> [Required action]
Below are the records; give again exactly the lines from the one containing "BEAMS PLUS Cashmere and Silk-Blend Sweater" through the one containing "Bride and Groom", leaving out pictures.

> [Provided data]
--- START ---
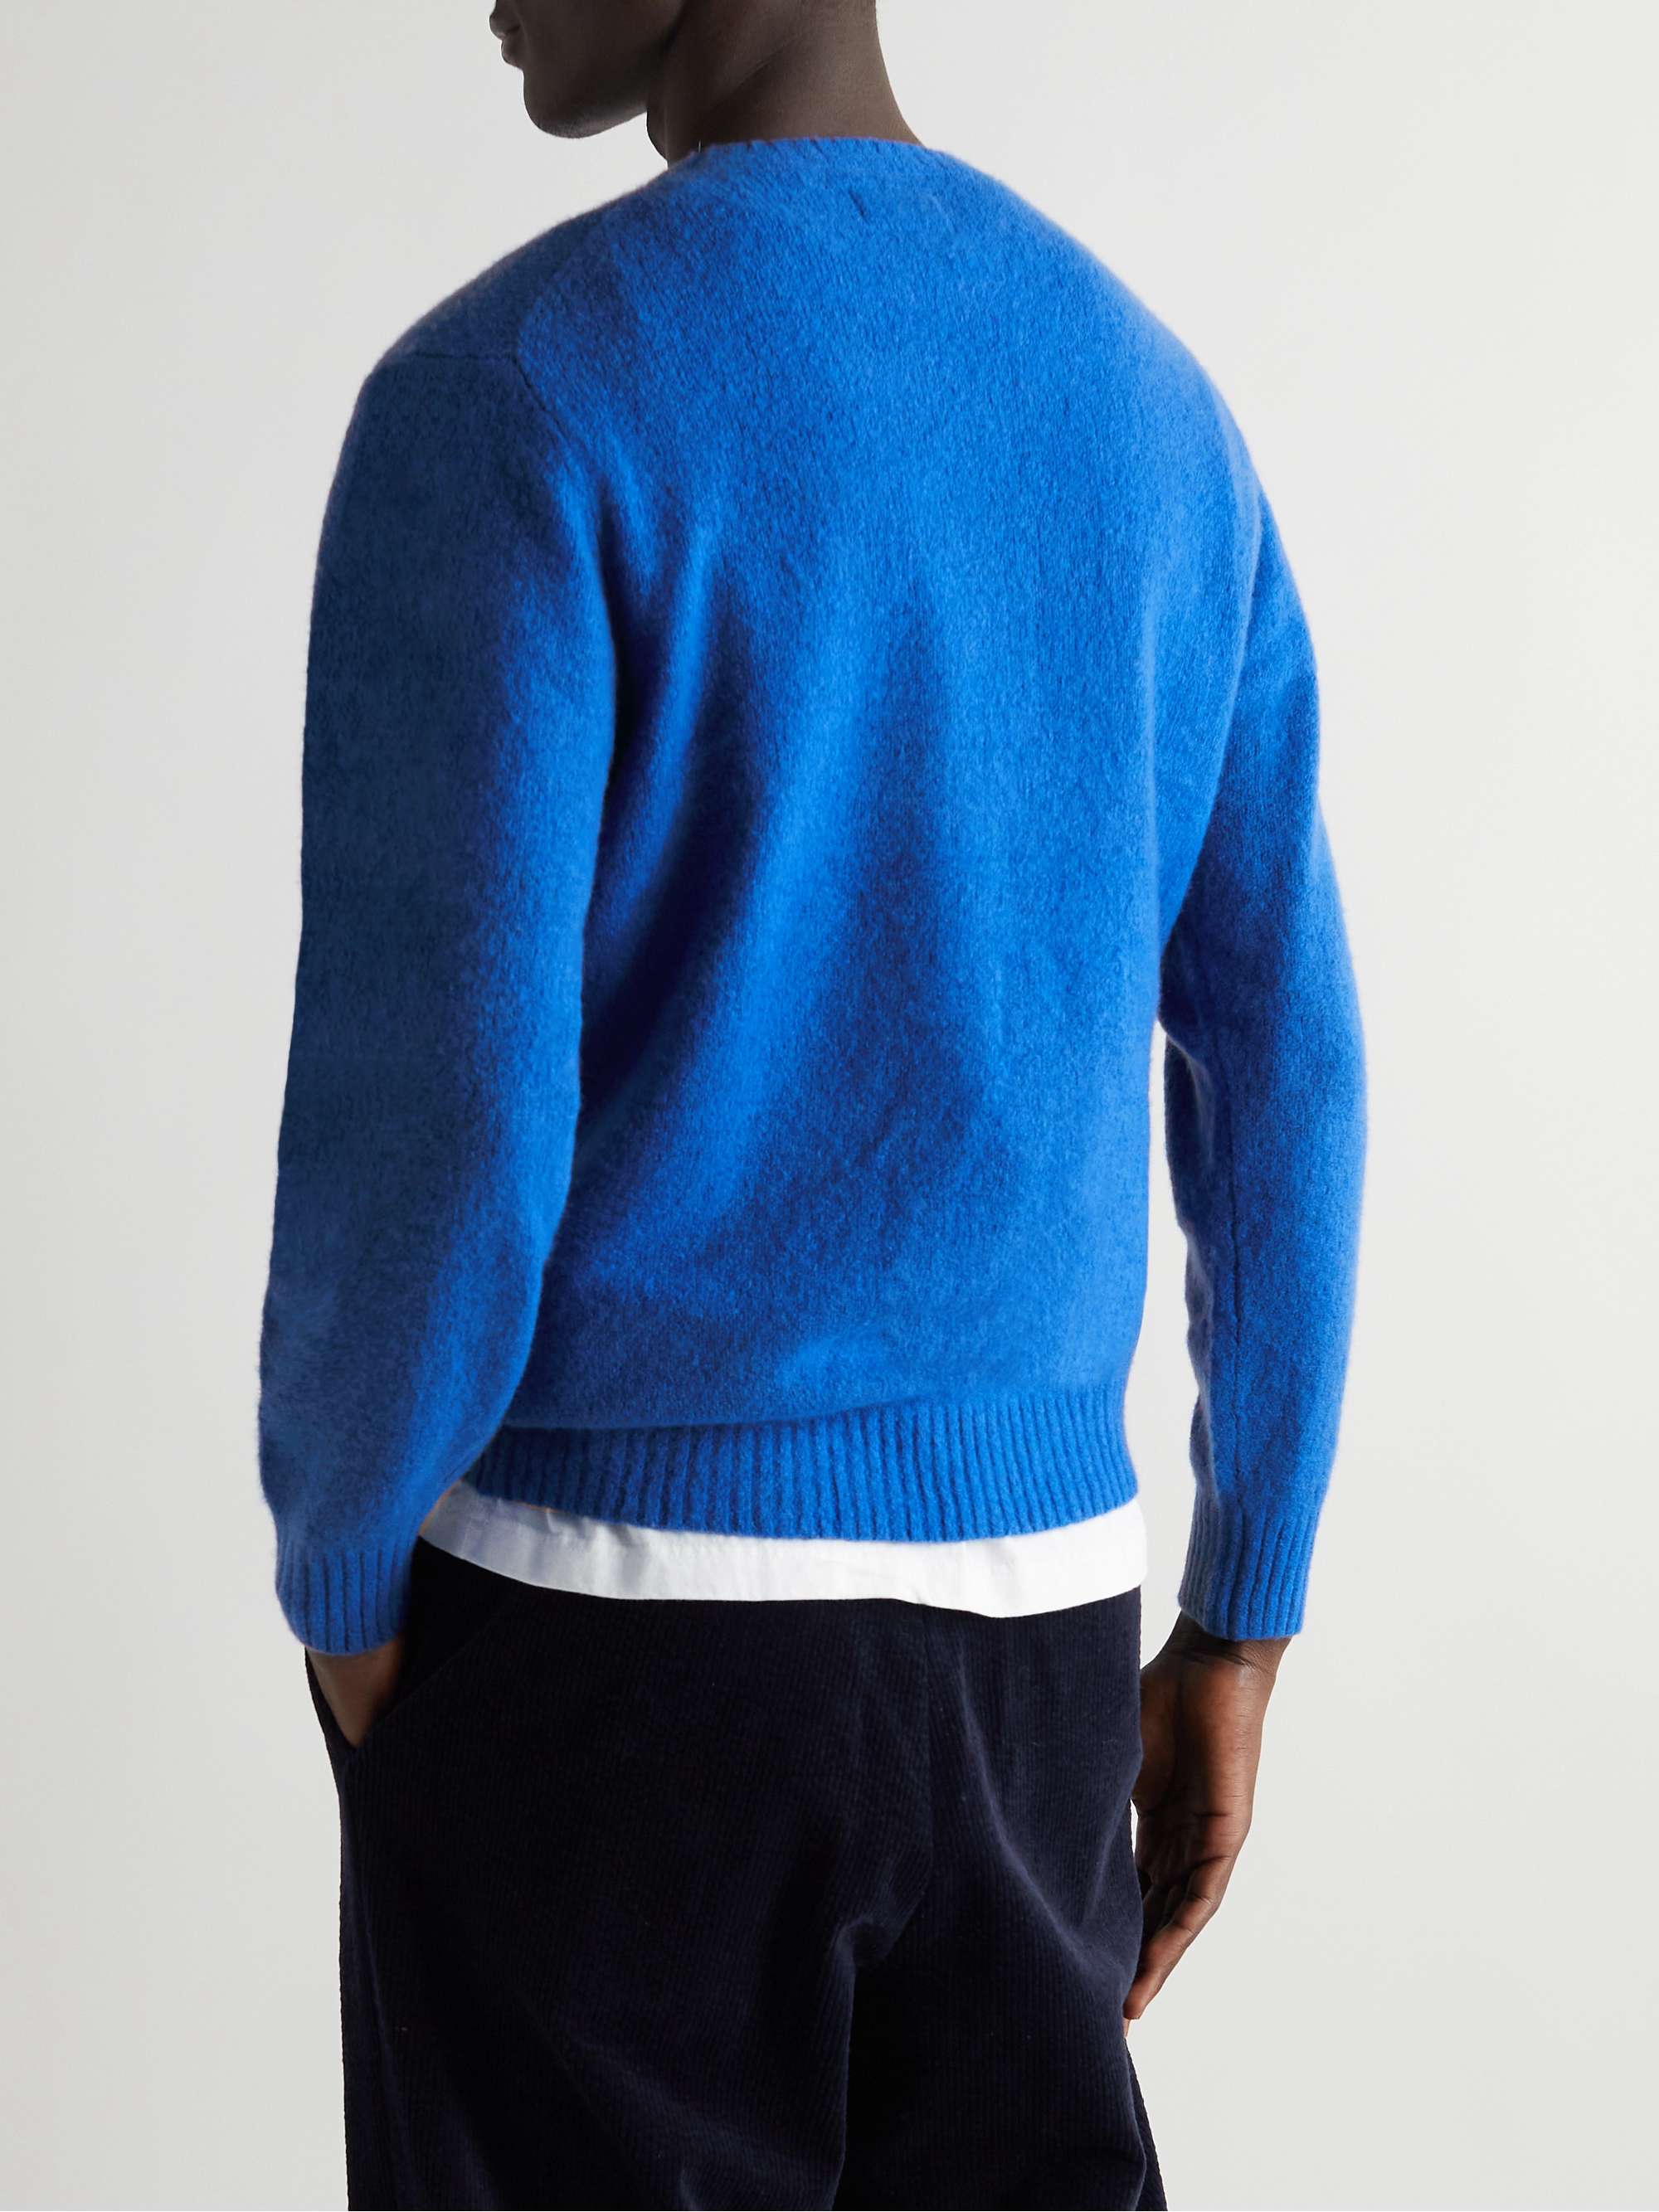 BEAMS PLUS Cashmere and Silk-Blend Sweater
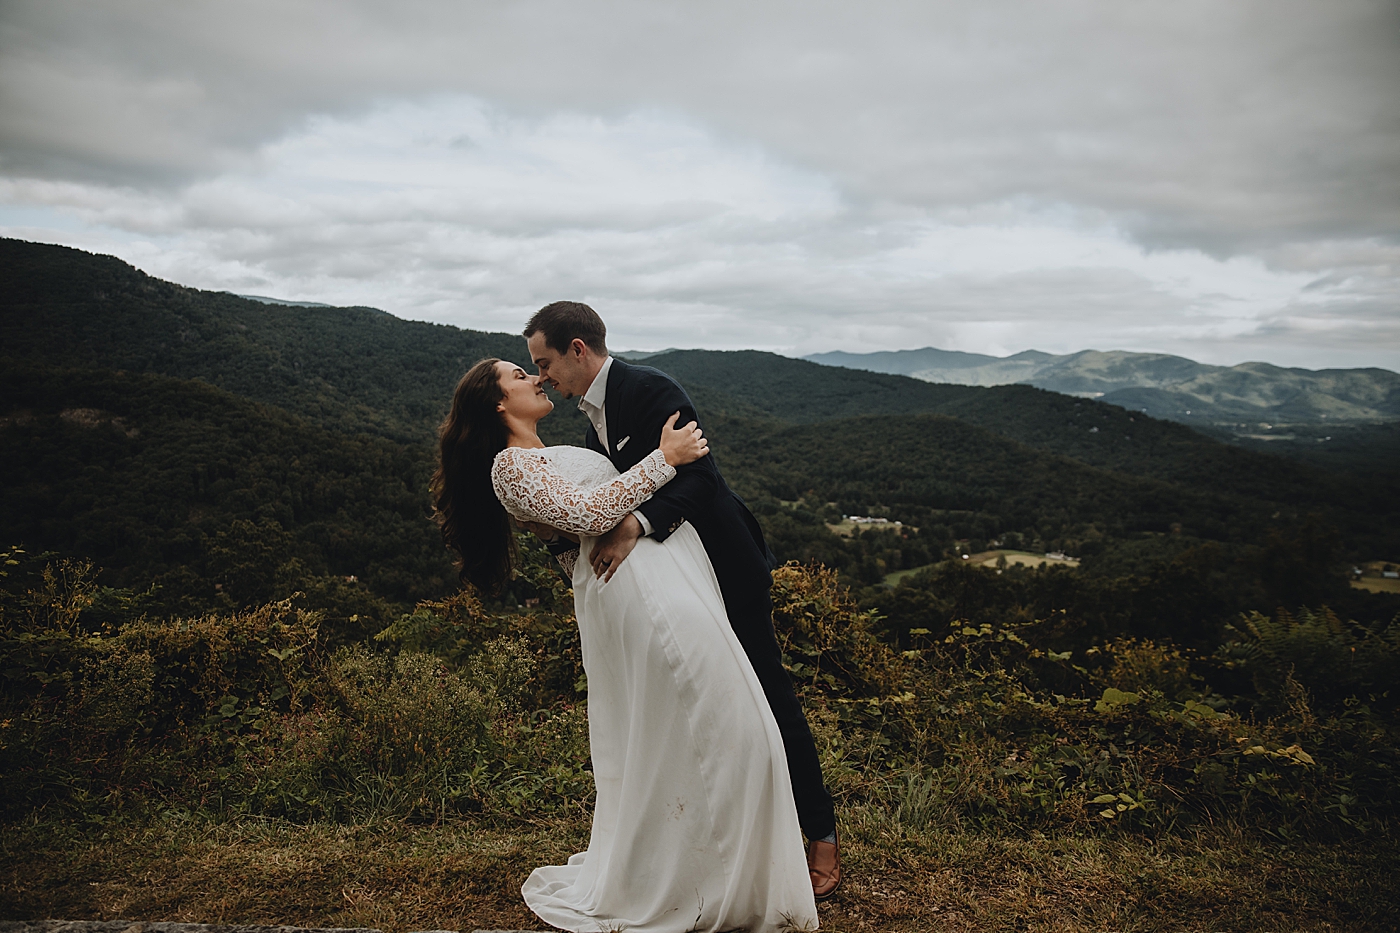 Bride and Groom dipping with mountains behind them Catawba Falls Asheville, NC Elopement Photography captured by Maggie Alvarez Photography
--- END ---
--- START ---
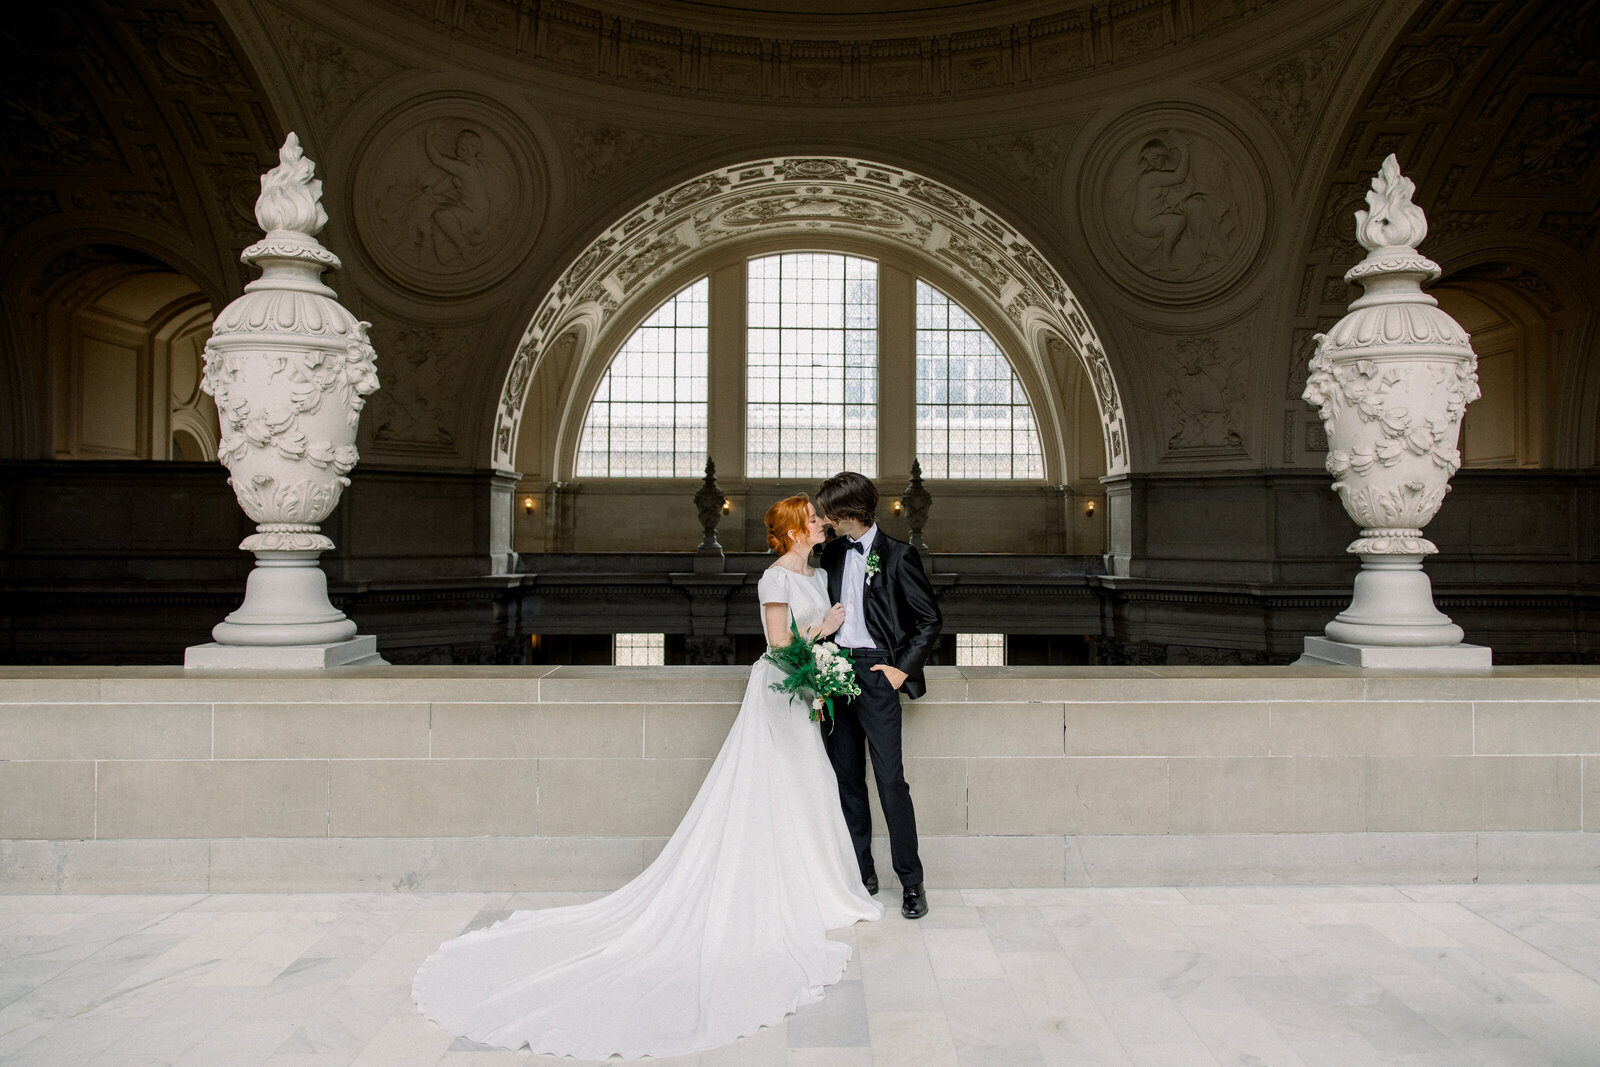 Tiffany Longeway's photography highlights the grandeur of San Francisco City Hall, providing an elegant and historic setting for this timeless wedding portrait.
--- END ---
--- START ---
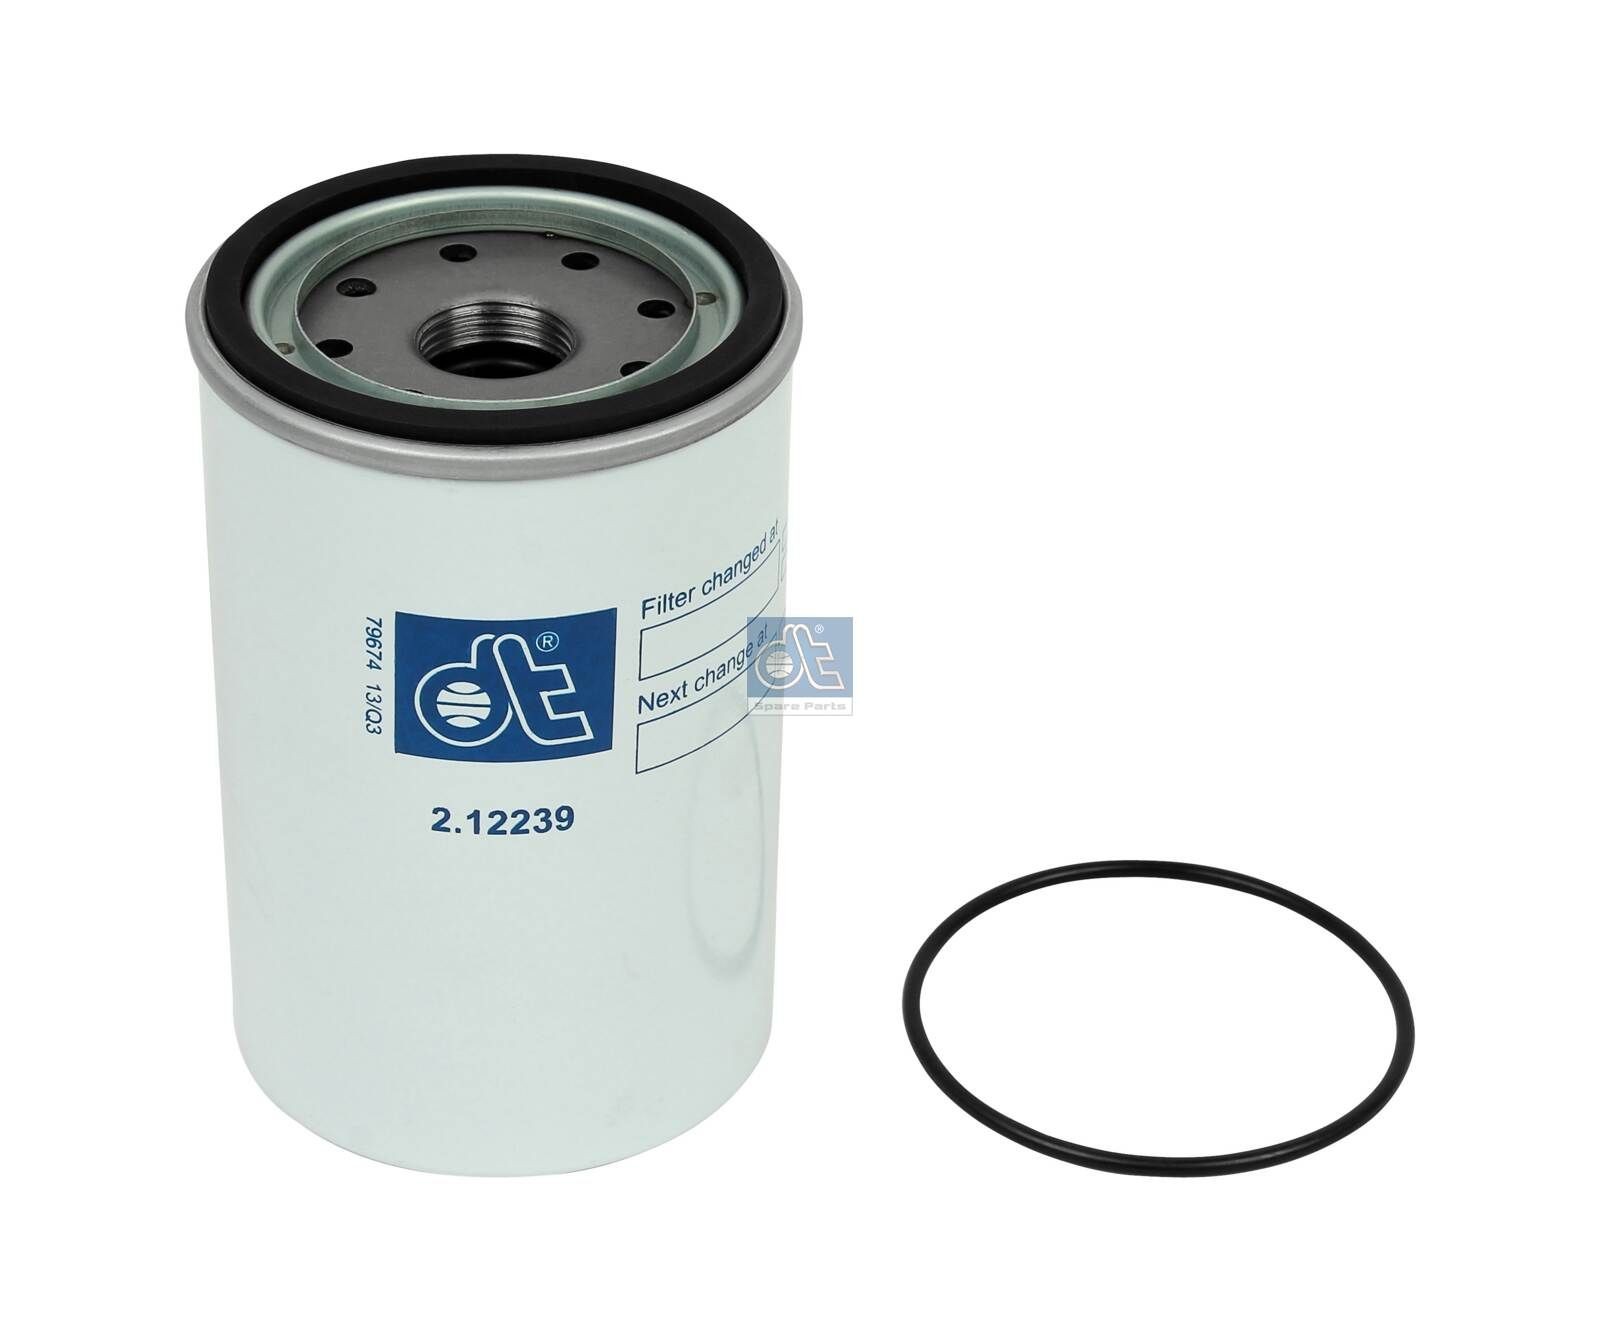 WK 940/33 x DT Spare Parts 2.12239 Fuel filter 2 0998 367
--- END ---
> [Solution for this problem]
 BEAMS PLUS Cashmere and Silk-Blend Sweater
 Bride and Groom dipping with mountains behind them Catawba Falls Asheville, NC Elopement Photography captured by Maggie Alvarez Photography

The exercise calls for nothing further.